Communal sense. The making of ethno-religious selves and others in Myanmar
I am going to present my ongoing work on Myanmar at the Institute of Advanced Study at the University of Konstanz on December 6, 2018 at 5pm (Bischofsvilla, Otto-Adam Str. 5).
In my presentation I will give an overview of my book manuscript which is based on ethnographic data I collected over several long stretches of fieldwork between 2013 and 2018. The focus of my book lies on critically reinvestigating the category of ‘community’ in light of new material from Southeast Asian Myanmar. My study is geographically situated in Yangon, a fast expanding metropolis and the home of various ethno-religious minorities whose ancestors built the city when they were shipped across the Bay of Bengal by the British colonial forces in the 19th century. My informants, who are Hindus and Muslims, are often referred to as “Indians” in the literature or simply “Blacks” by the local Burmese population, but in their self-understanding, they are the true founders of Yangon.

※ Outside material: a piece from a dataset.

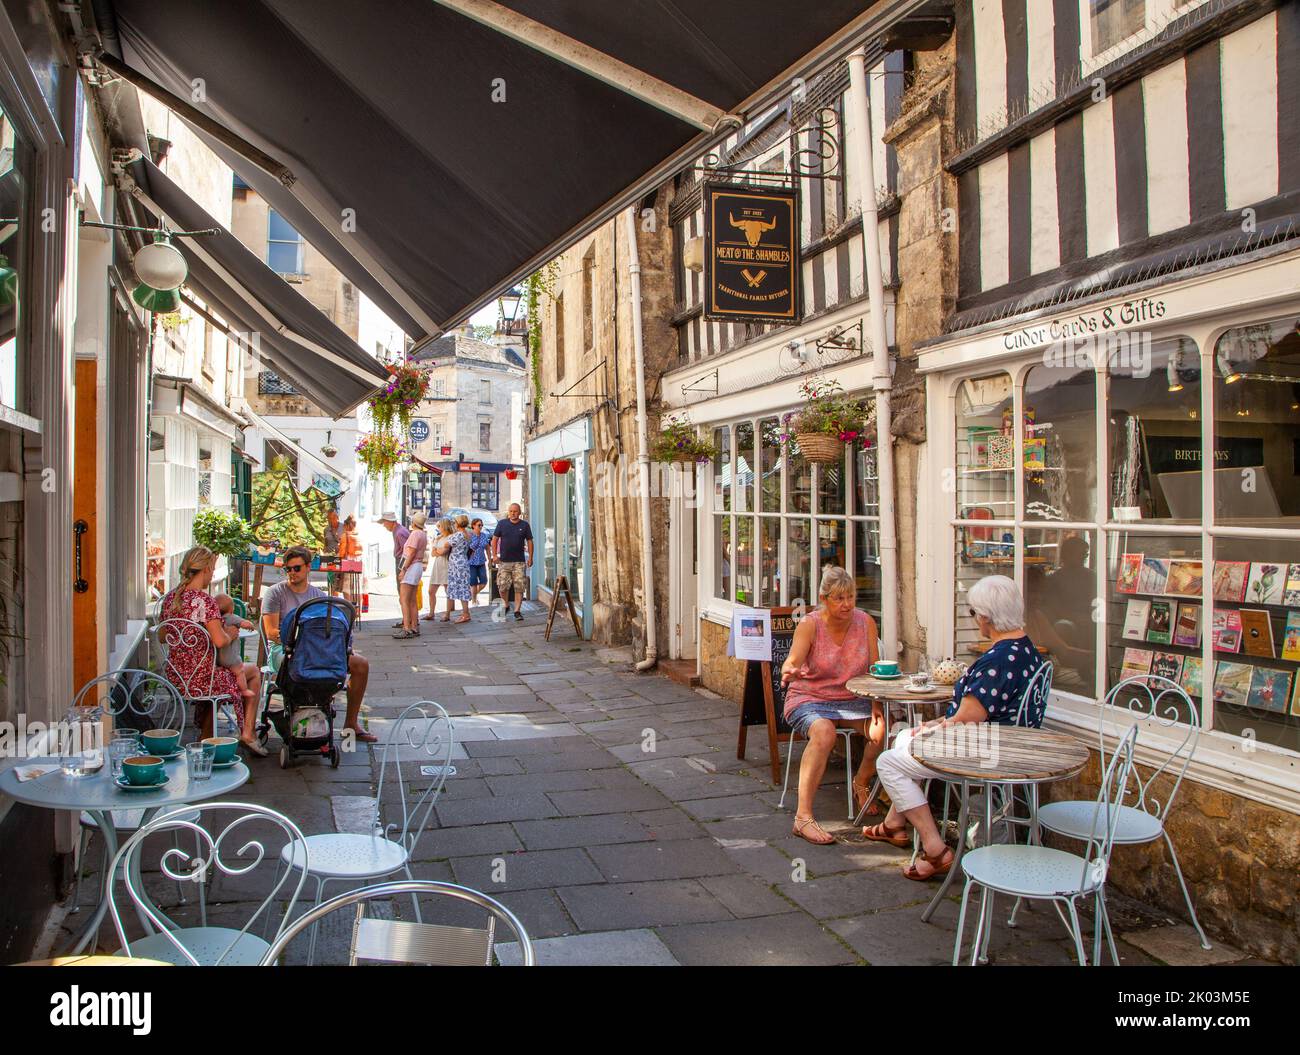 People sitting eating and drinking at cafes in the Shambles in the Wiltshire market town of Bradford on Avon Stock Photo
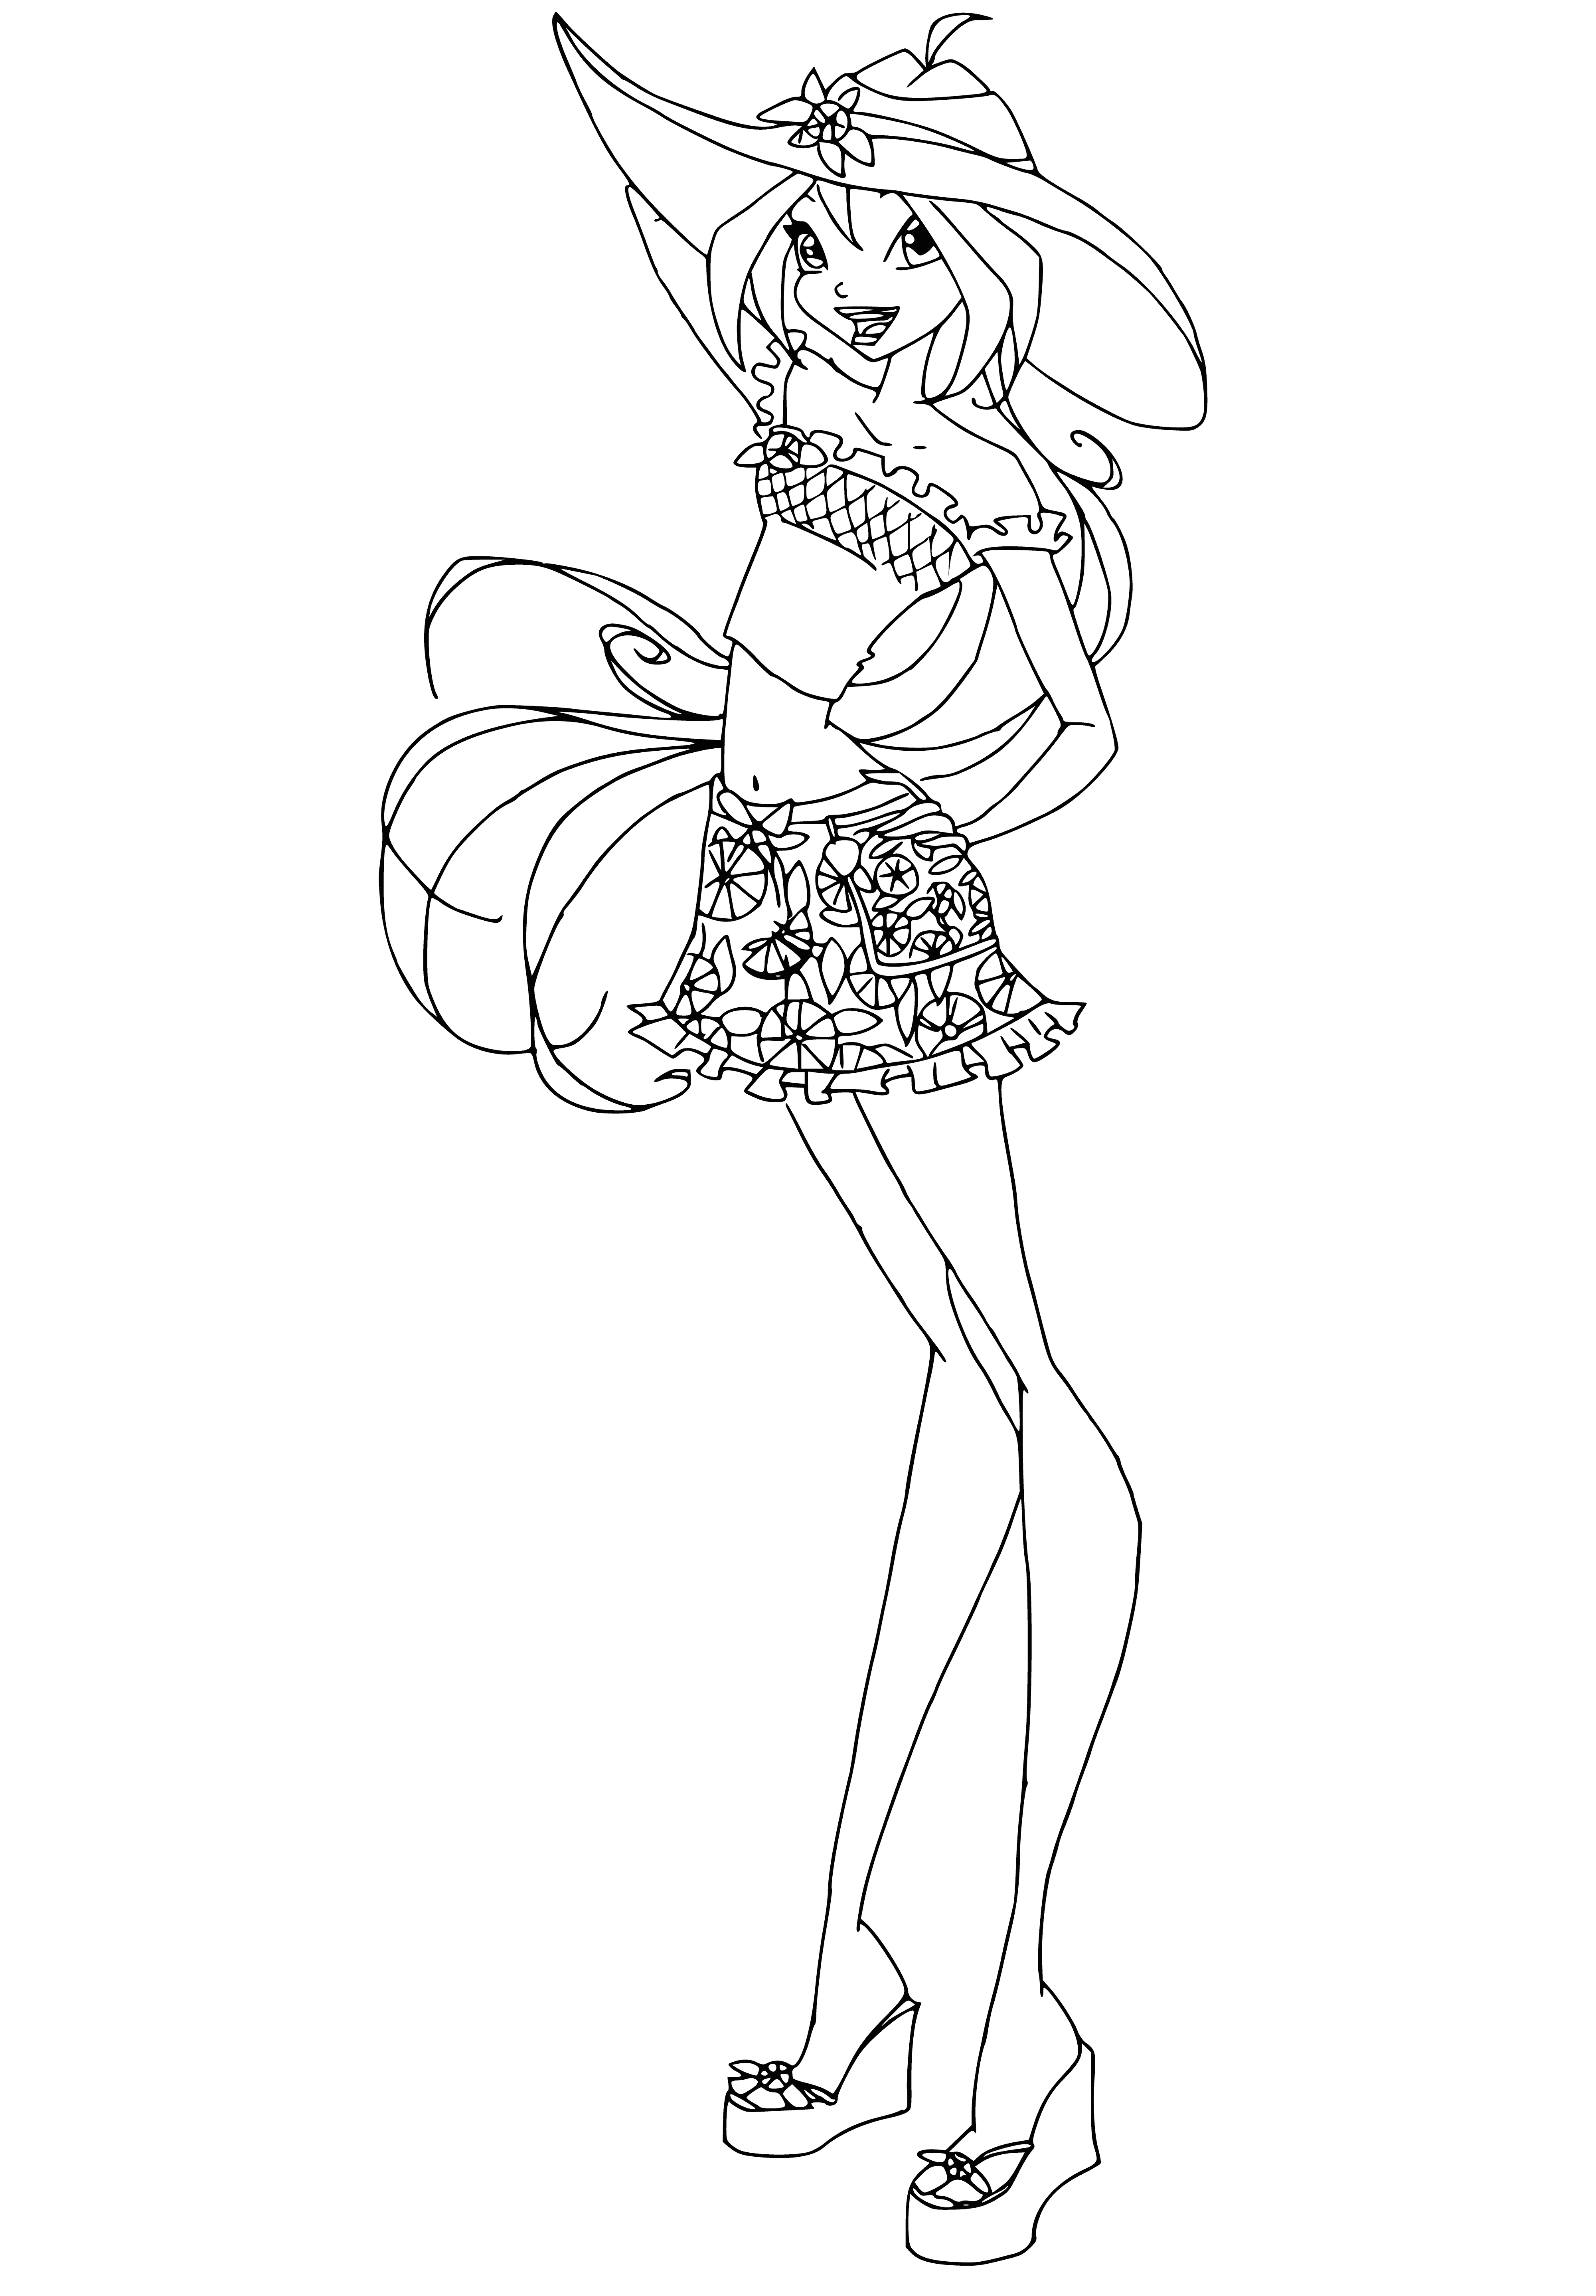 coloring page: Girl in white dress and green hat, holding a flower, with long brown hair. #coloringpages #flowerpower

My interest lies in understanding how, in a local context of imperialism and ethno-religious nationalism, these people organize themselves as ‘members’ of groups that perform and are recognized by others as ‘communities’.
My theoretical aim in this book, and my contribution to wider anthropological and sociological debates, is to develop an alternative angle towards the category of ‘community’ that focuses on how and when exactly a collective ‘We’ emerges. In the social sciences the process of we-making has so far been analysed only as a by-product of the process by which ‘Theys’ are created (Appadurai 2006: 50). The concept of communal sense, which I am putting forward in my book, focuses instead on the successful establishing of community as an effect of we-intentionality (Walther 1923) which become ethnographically observable in moments of communitas, in the articulation of common sense and in the material anchoring of common goods.